Полковник Ульяшов развернулся и побежал в расположение ожидающих дальнейших распоряжений бойцов.

— Обед! — на ходу скомандовал.

Обед… Обед… пронеслось до самих кухонь. Первая рота первой выстроились к своей кухне.

К Ульяшову подбежали старшие офицеры полка, командиры рот, «Ну как там, товарищ полковник, что дальше?» «Дальше пока не знаю, обед пока, кормите людей». Козырнув, офицеры убежали по своим местам.

Кто-то протянул полковнику миску с борщом и котелок с кашей…

Между тем, в середине огромной поляны, шеренгой выстраивались грузовые машины, образуя площадку, сдвигались кузовами. Сидя и орудуя ложками, бойцы с интересом за этим наблюдали. Что за манёвры? Интересно!

Полковник Ульяшов не успел компот допить, вызванный посыльным, неожиданно узнал от генерала следующую для себя вводную.

— А теперь, полковник, покажите нам свои успехи.

Ульяшов бодро переспросил.

— Так точно. Извините, не понял, товарищ генерал…

— Свои таланты. — Не моргнув глазом ответил генерал. — У вас же, я слышал, круглосуточная подготовка в последнее время в полку активно велась, вроде бы вы победить кого-то собирались.
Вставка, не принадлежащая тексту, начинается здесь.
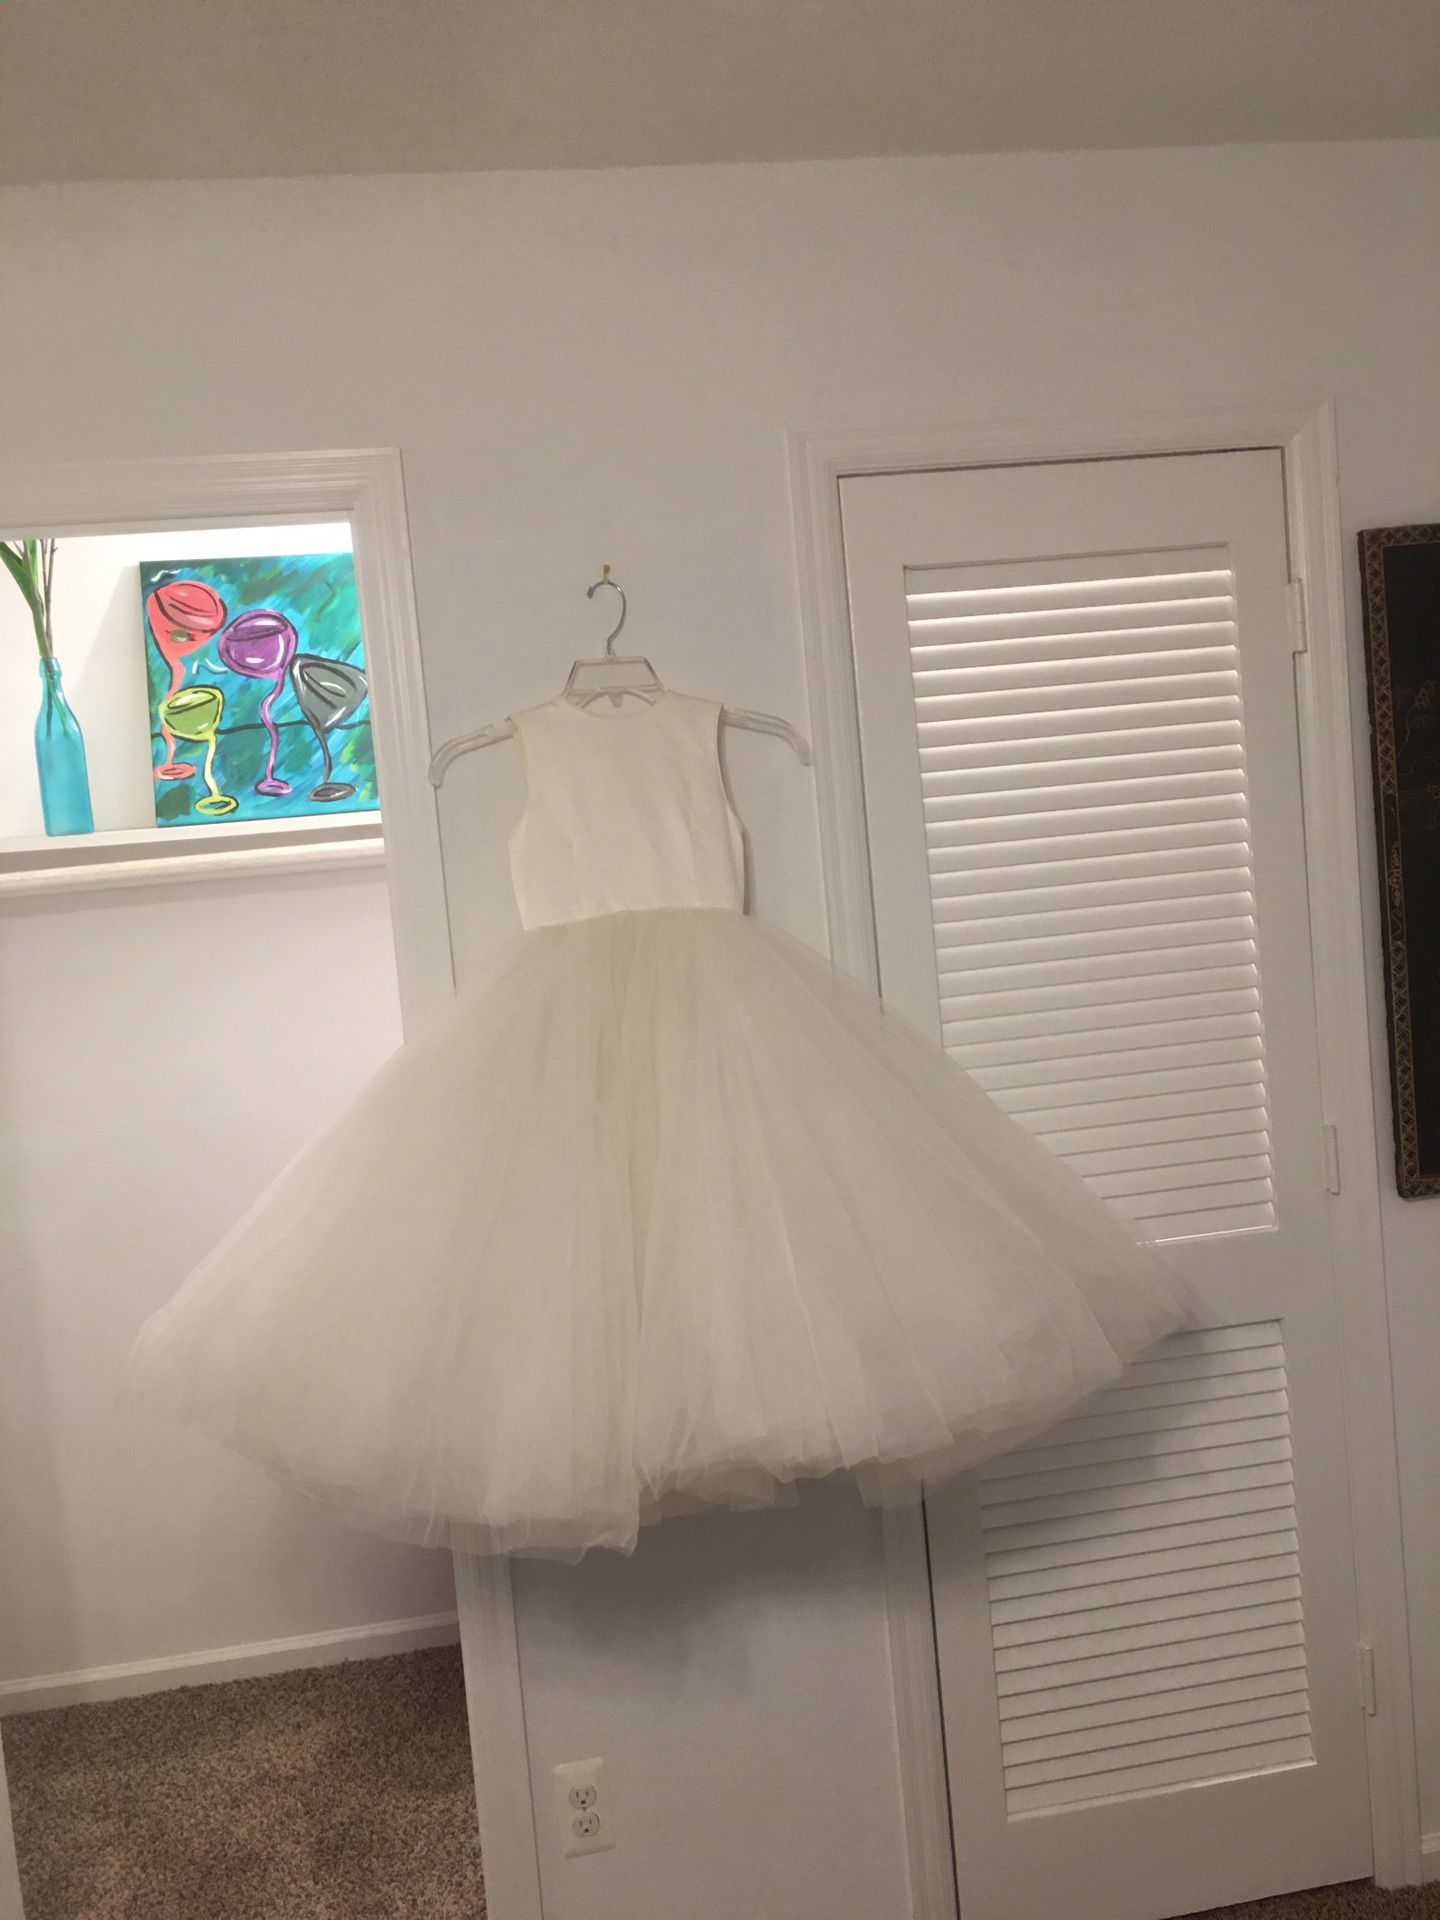 Bridal Suite (Wedding Dress and Flower girl dress with shoes and corset_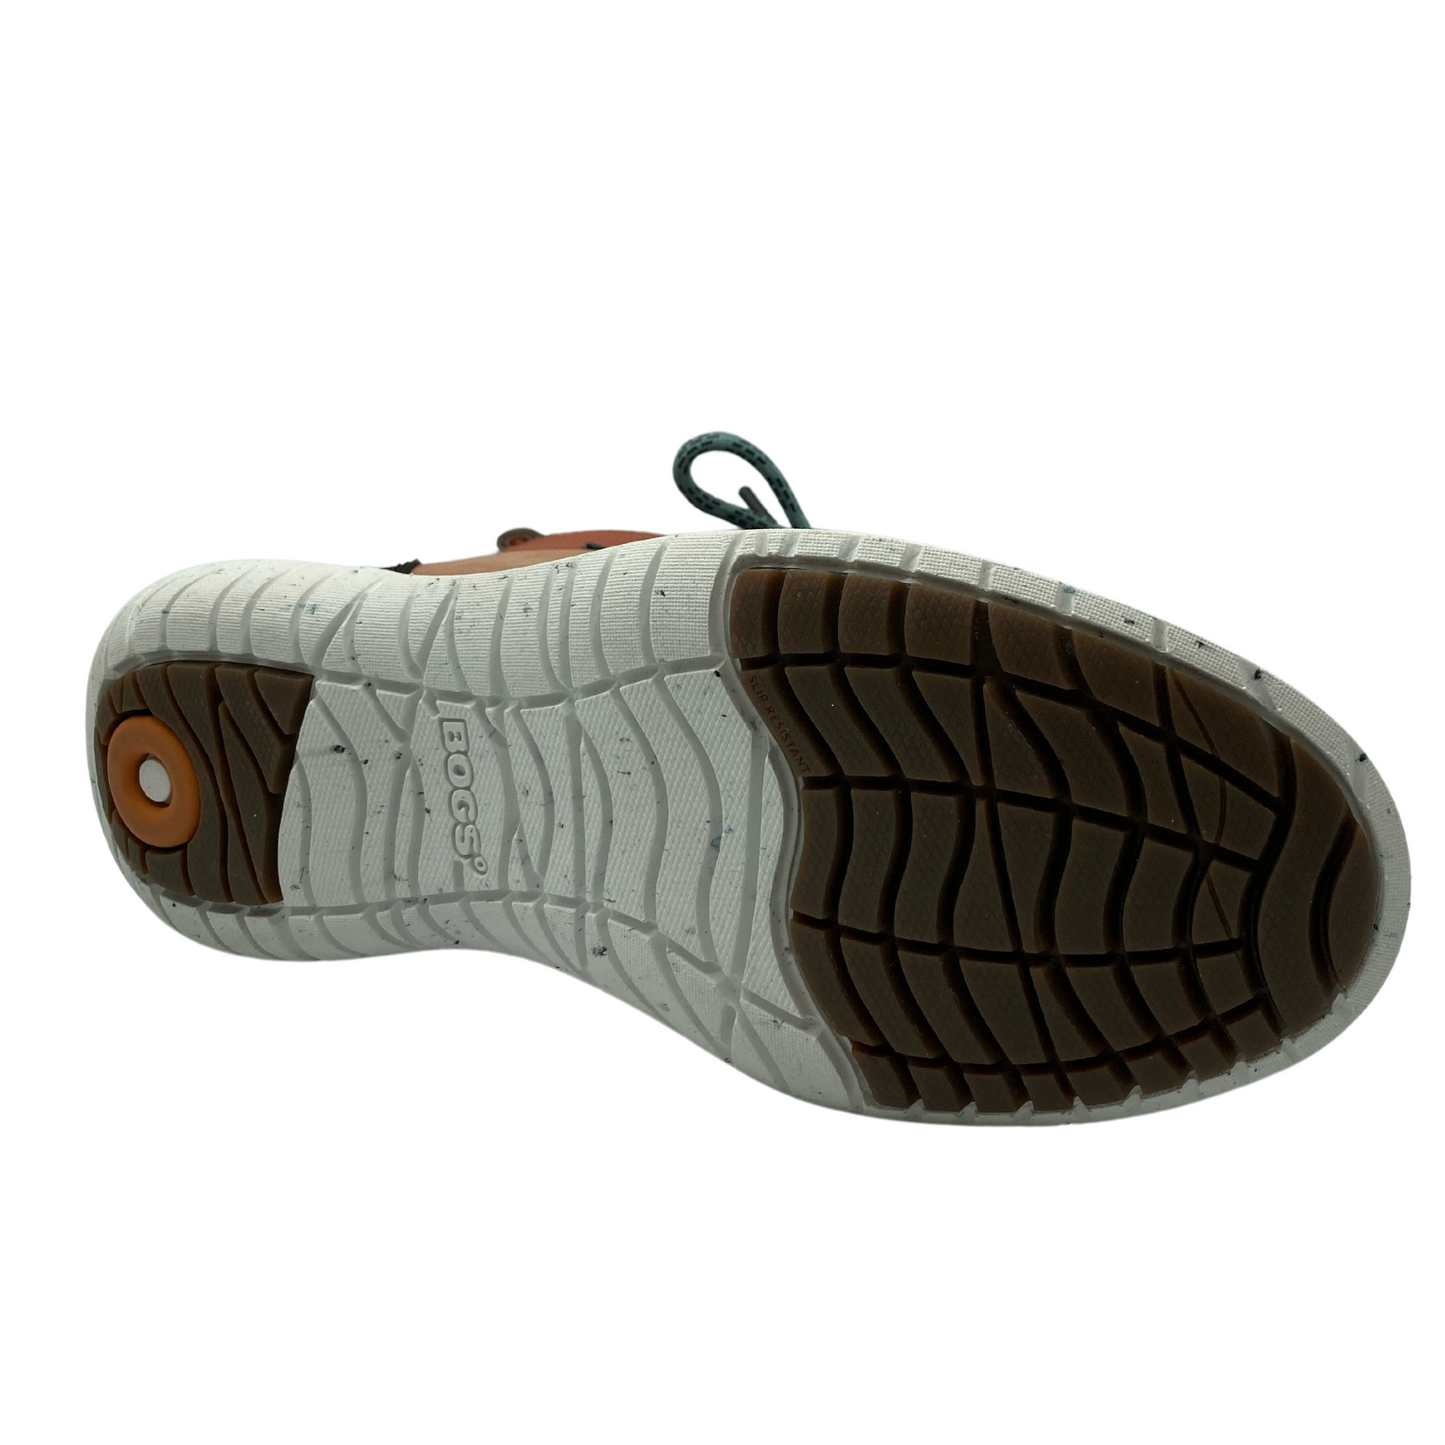 Bottom view of waterproof hiking boot with white and brown rubber outsole

Или нет?

— Я? Мы, товарищ генерал?! Кого?

В животе холодком дохнуло, Ульяшов растерялся, вспомнил о сапогах, о договоре, неужели придётся…

— Да, вы, товарищ полковник, ваш полк. Вертолётчиков, как я понимаю. Так нет, товарищ генерал-лейтенант?

— Абсолютно так, — ответил незнакомый Ульяшову генерал-лейтенант, авиатор. — Как я знаю.

— Ну вот… — пожал плечами генерал Коломиец.

— Полный форс-мажор, — сам себе выдохнул Ульяшов (что означало однозначно — полный-«писец»).

— Что вы сказали? Я не расслышал… — переспросил генерал Коломиец.

— Виноват, товарищ генерал-майор, я сказал полный… вперёд. Так точно!

— Именно, полковник, давайте.

Увиливать уже не имело смысла. Как-то узнали, кто-то доложил, понял Ульяшов, не отвертеться. И генерал Золотарёв с интересом смотрел на своего заместителя, и все остальные в штабе учений тоже…

— Порадуйте бойцов своими успехами. Сможете?

Никак нет, хотел отказаться полковник Ульяшов, потому что нужный ему ансамбль остался в полку, к сожалению. Его нужно было прихватить тогда, но, кто ж тогда знал-понимал, жаль не догадался, но ответил определённо.

— Так точно, товарищ генерал, только за инструментами в полк съездим.

— Что, это обязательно? — удивлённо спросил генерал.

— Конечно, — воскликнул полковник, и смутился. — Извините, товарищ генерал, я хотел сказать, так точно. Без инструментов никак нельзя, да и костюмы… — ему очень хотелось выиграть время, чтобы каким-то образом привезти сюда ансамбль песни и пляски. Оставленный там, в полку. Удивлять, так удивлять. Хотя, полковника Палия, с его джаз-бандой, он по близости не видел.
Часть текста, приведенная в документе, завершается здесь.